S’agissant des lits de réanimation, il s’avère qu’à la date du 10 janvier 2022, 3 904 places étaient occupées [9]. Toutefois, cela ne veut pas dire que tous ces lits sont occupés par des personnes atteintes du Covid 19. En effet, même si de nombreux médias, et le Gouvernement en premier, semblent prendre ce chiffre au pied de la lettre, il est précisé qu’il s’agit du nombre de personnes en soins critiques dont réanimation avec Covid 19.

A ce titre, il est permis de constater, selon la DREES, que le taux d’occupation des lits de réanimation par des personnes ayant le covid-19 a été de 34 % en février 2021.

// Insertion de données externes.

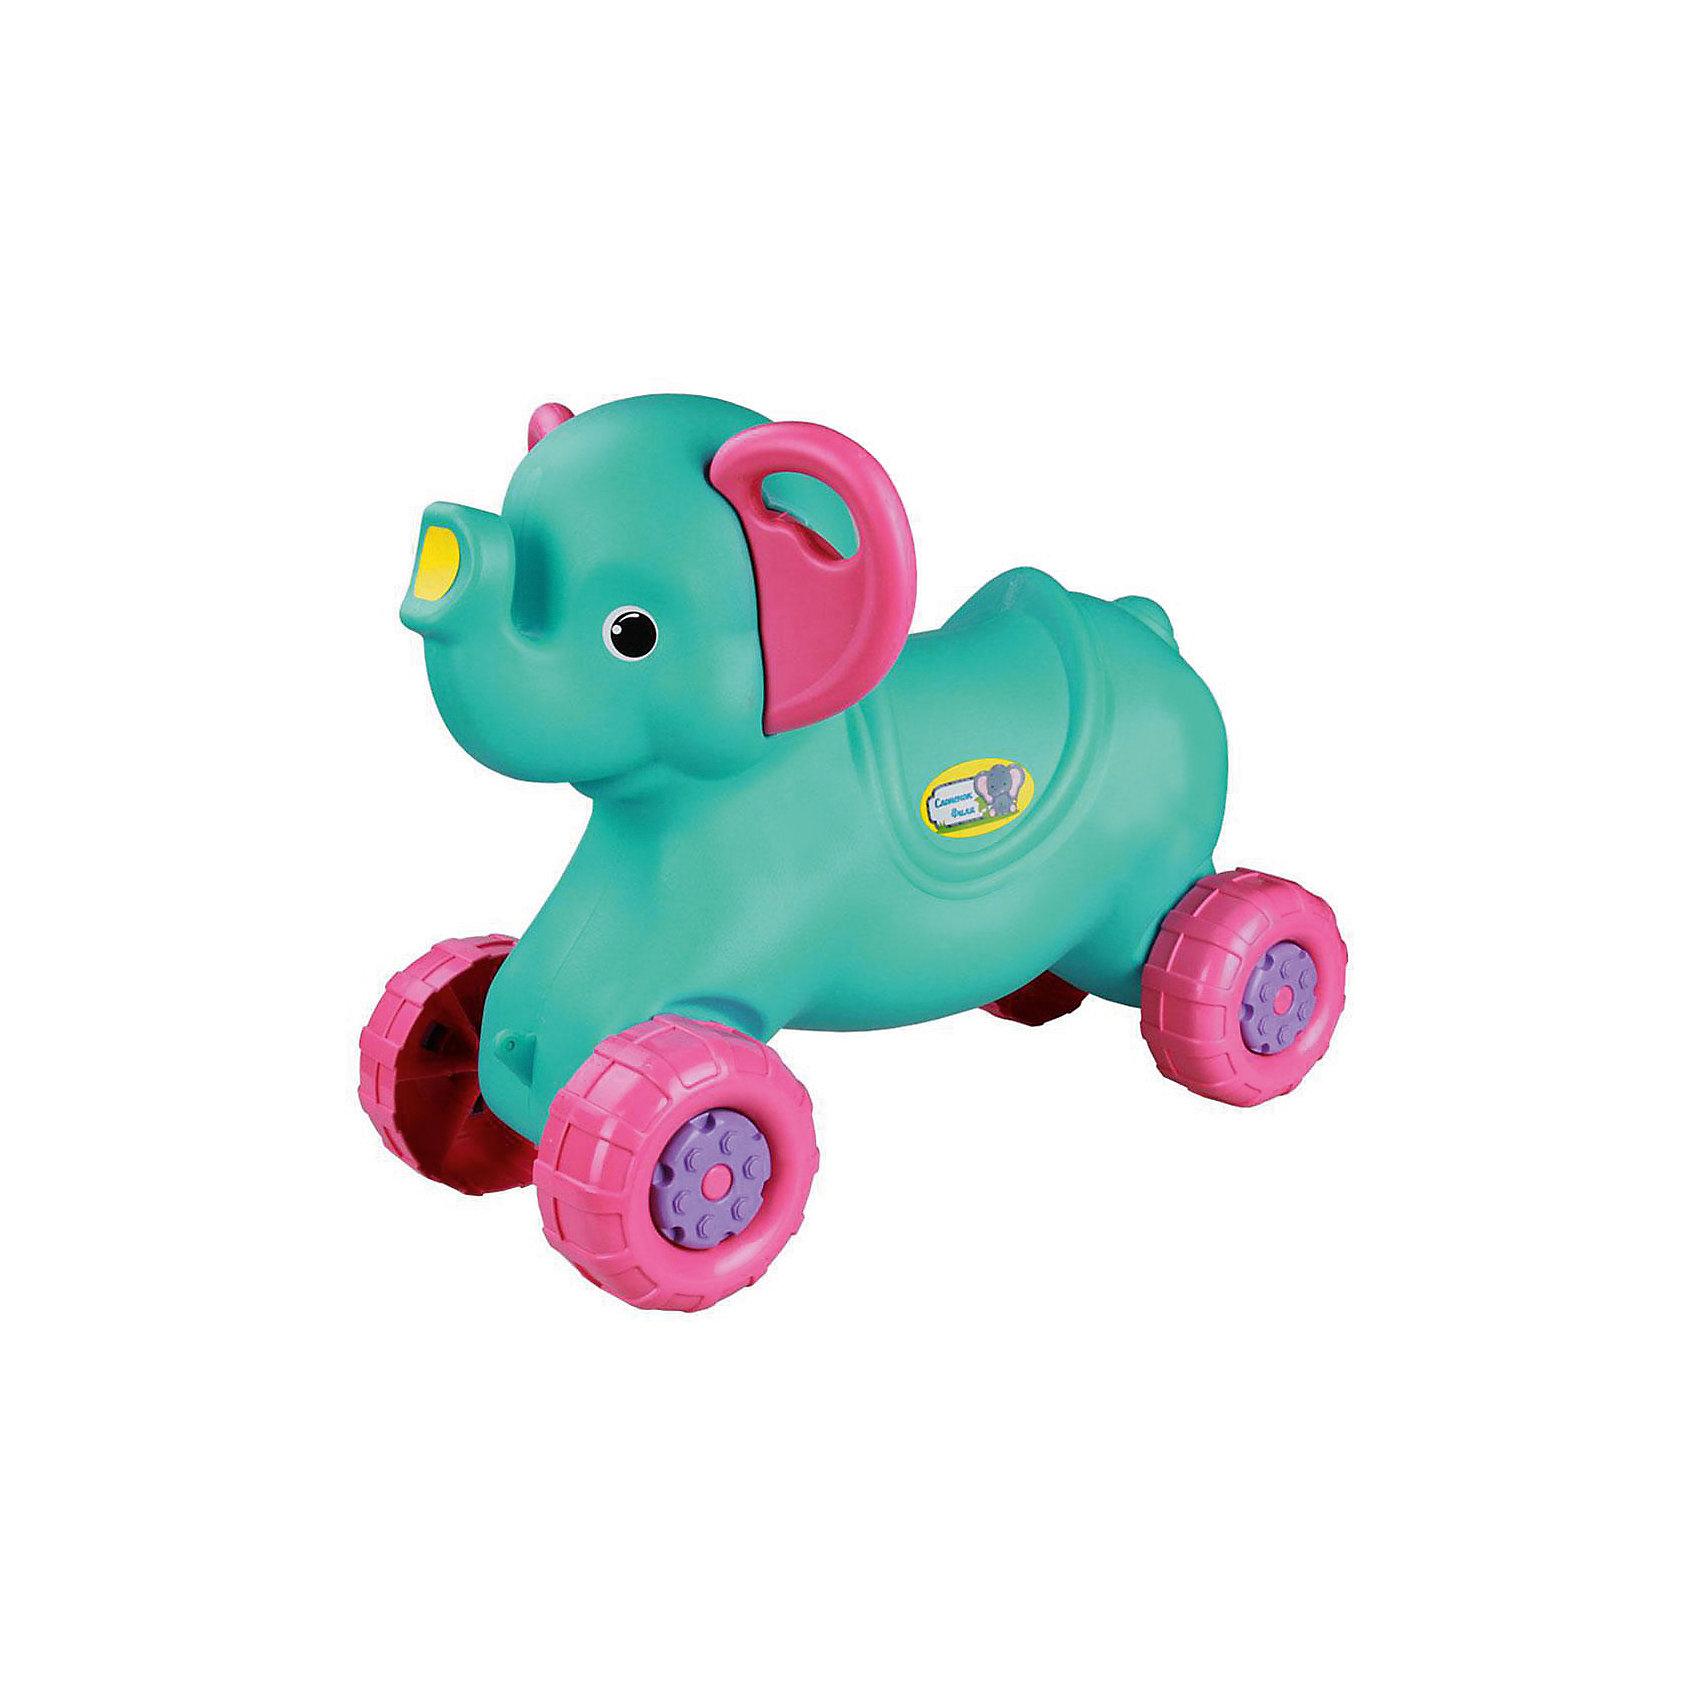 Каталка детская Слонёнок ,  Alternativa, бирюзовыйМашинки-каталки<br>Забавная каталка Слоненок имеет удобное сидение и приятный дизайн, который непременно понравится крохе. Кататься на этом слоненке будет очень весело!<br><br>Дополнительная информация:<br>Материал: пластик<br>Цвет: бирюзовый<br>Размер: 64х36х50 см<br><br>Вы можете приобрести каталку Слоненок в нашем интернет-магазине.<br><br>Ширина мм: 640<br>Глубина мм: 500<br>Высота мм: 360<br>Вес г: 2364<br>Возраст от месяцев: 36<br>Возраст до месяцев: 144<br>Пол: Унисекс<br>Возраст: Детский<br>SKU: 4979695

De même, il pourrait être souligné l’absence de distinction dans la statistique publique entre les hospitalisés « pour Covid » et ceux « avec le Covid » (c’est-à-dire, les personnes hospitalisées pour un autre motif ayant été testés positifs après leur entrée à l’hôpital) [10]. Ce faisant, parmi l’ensemble des patients Covid-19, la part des patients admis à l’hôpital pour un autre motif que le Covid-19 (mais porteurs du SARS-CoV-2) a pu atteindre jusqu’à un tiers des patients.

Enfin, selon une étude de la DREES du 28 janvier 2022, le risque de décès hospitalier suite à une infection Covid est de respectivement 0,2% (Delta) et 0.06% (Omicron) pour les moins de 60 ans, qu’ils soient ou non vaccinés.

Il apparaît, de toute évidence, nettement « risqué » pour une personne de 80 ans complètement vaccinée (1% de risque de décès avec Omicron, 4% avec Delta) de contracter le covid-19 que pour une personne de moins de 60 ans non vaccinée.

Il est donc légitimement permis de s’interroger sur l’intérêt réel de l’instauration d’un passe vaccinal, c’est-à-dire d’une obligation vaccinale généralisée pour toutes les personnes de moins de 60 ans qui souhaitent accéder aux lieux de sociabilisation.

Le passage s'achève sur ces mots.